When laughter of girls washing by the well

Has subsided

I tiptoe

To the side of the well

And, in a fast move,

Pull up from the well

A bucket of glittering stars

8. Glazed sun

Caught in the mud ditch

The sun

In one stroke

Glazes the thick murkiness

Into a stretch of

Ceramic brightness

9. To stay the sunset

In order to stay the sunset

Children bathing in the stream

Cup their hands and bail water

Toward the sky

Golden ears of grain

As in fairy tales

Transparent birds

Flap their wings in mid-air

(1981)

(translated by Wai-lim Yip)

QUEST

Perhaps we have waited too long.

All journeys are a circle

(You said you knew)

Return to a pure beginning.

In spring: forest trees show their first green.

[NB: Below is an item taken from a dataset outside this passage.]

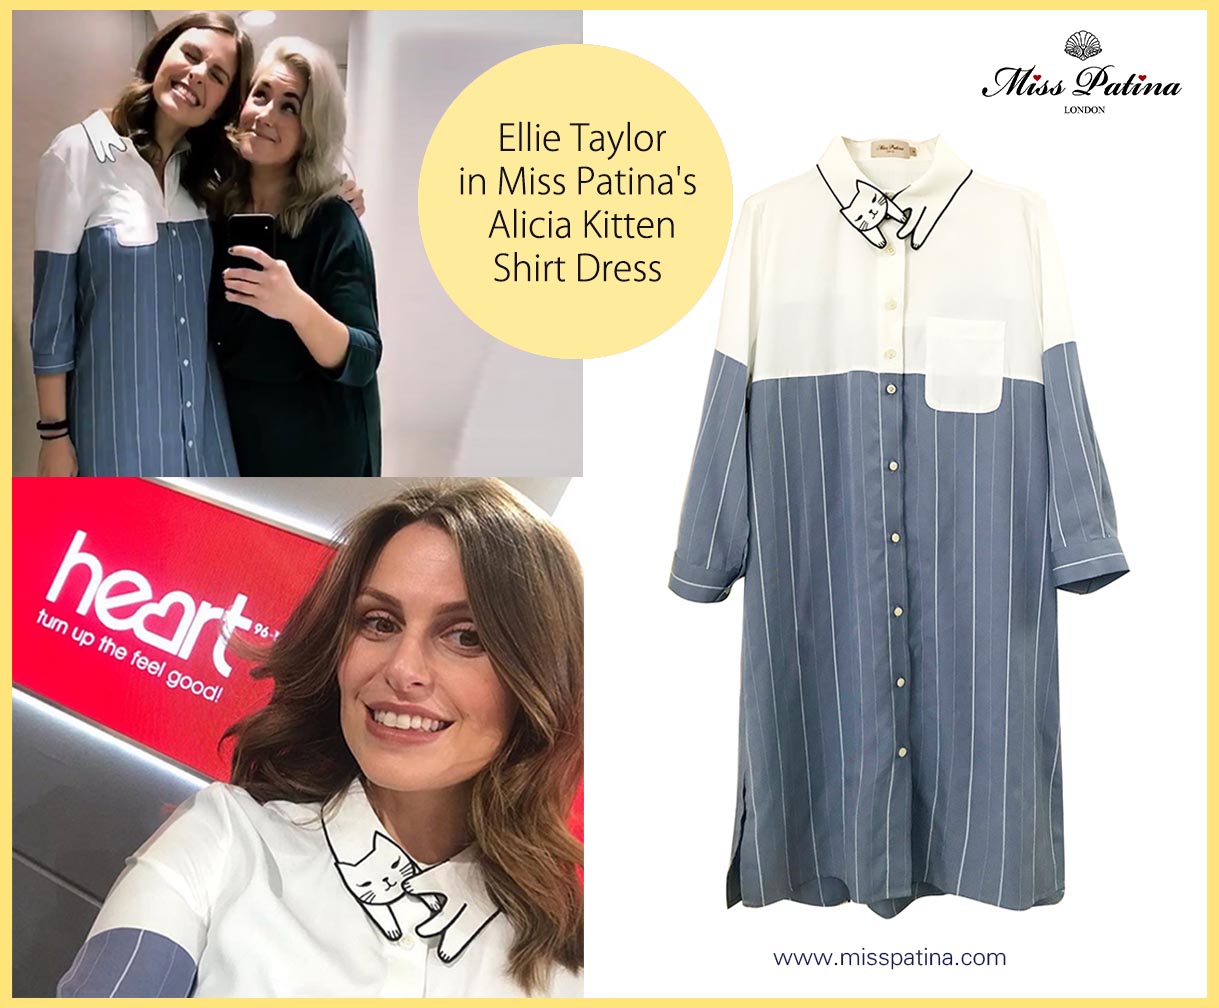 Spotted: Ellie Taylor in Miss Patina
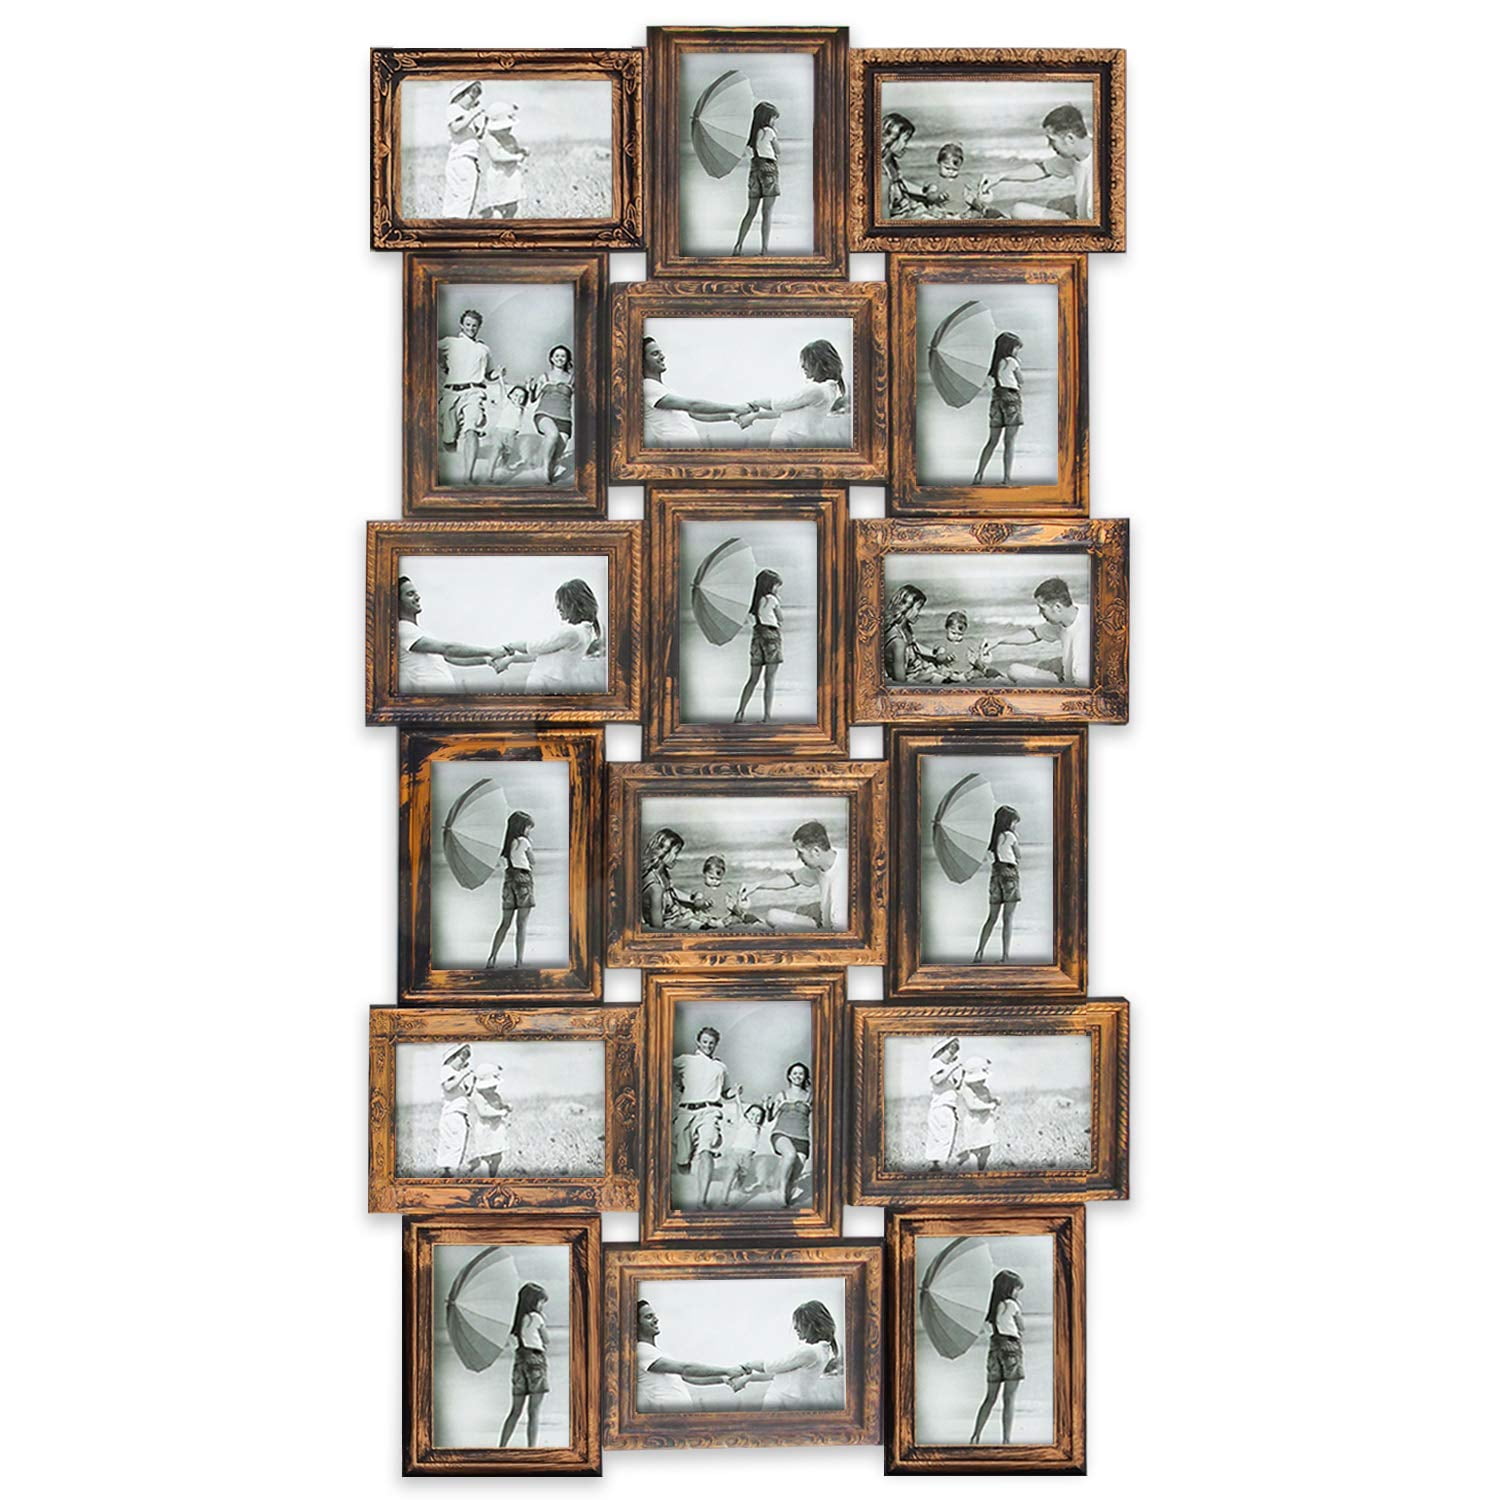 12 CUTE PICTURE FRAMES novelty frame photo bulk lot NEW photos holder display

Some fierce animals appear.

In deep nights: dark water gurgles.

Some specks of ghostly fire drift around.

You departed from the east to the west, losing your way….

Anticipation is

A line in the distance

So thin, so small, so fine

Between seen and unseen.

Notes of flutes stretch on and on

Toward that distant beginning

Long forgotten

Chaining you.

Every time you said: We have waited too long,

You opened your heart’s window.

The air all at once was filled with the tenderness of earth,

As if that happy moment had already arrived.

Birds, like bouquets and bouquets of light,

Exploded out from the tree like a fountain.

You ran to embrace it

And suddenly stopped short.

Are you all ready?

After the fusion of this moment

And then

And then, separation and death.

You responded philosophically:

Eternal happiness is—

Eternal quest, following the wings of

Pain….

In the surging springtime,

In the clear river water,

Between the shadows of two banks of peach blossoms,

There is some prowling, there is some calling.

Invading the spring coldness is

Your familiar fragrance,

Such a soft and small line of fragrance

Chaining you.

Thus, you open your heart’s window again….

(1981)

(translated by Wai-lim Yip)

TRAVELING IN SPRING

The souls of azalea flowers

Are trapped

Below the dark canal under the tar thoroughfare

The windblown ways of willows

Swing in the

Memories of a distant past

We travel together

On the dust-raising New Birth Road South

In search of

Dreaming about

Those familiar petals-red and leaves-green in the vague air

The old bell of National Taiwan University

As if to echo the turning wheels of bicycles

Rings, rippling waves

Reach us in the present

In a journey, anxious and pressing.

Distance

Like one’s age—in the mist

Is a network of lines that defy undoing

A mere dot of light

Occasionally

Brightens from the lukewarm past

Wisteria, a stretch of flowers

Flash by the car window

We travel together

Inside the restless humming of engines

Talking about a kind of cold

Talking about a kind of heat

And how they break out from rigid frames

To stimulate a kind of frisking

A kind of total unfurling

From the fountain of surging feelings

Between monotonous gray shadows

Under the chase of speed

And how to find out from it

Those words, engaging, disengaging, between getting and losing

In the cold

To let them slowly warm up

To let them slowly take on color….

The quiet cries of azaleas

Fade in the dust of cars

The fine combing of windblown willows

Becomes invisible in the dense opaque sunlight

We travel together

Toward the past

Toward the future

That runaway road

Now bright, now dark

(1985)

(translated by Wai-lim Yip)

*Lu is the birthplace of Confucius and a symbol of Chinese culture.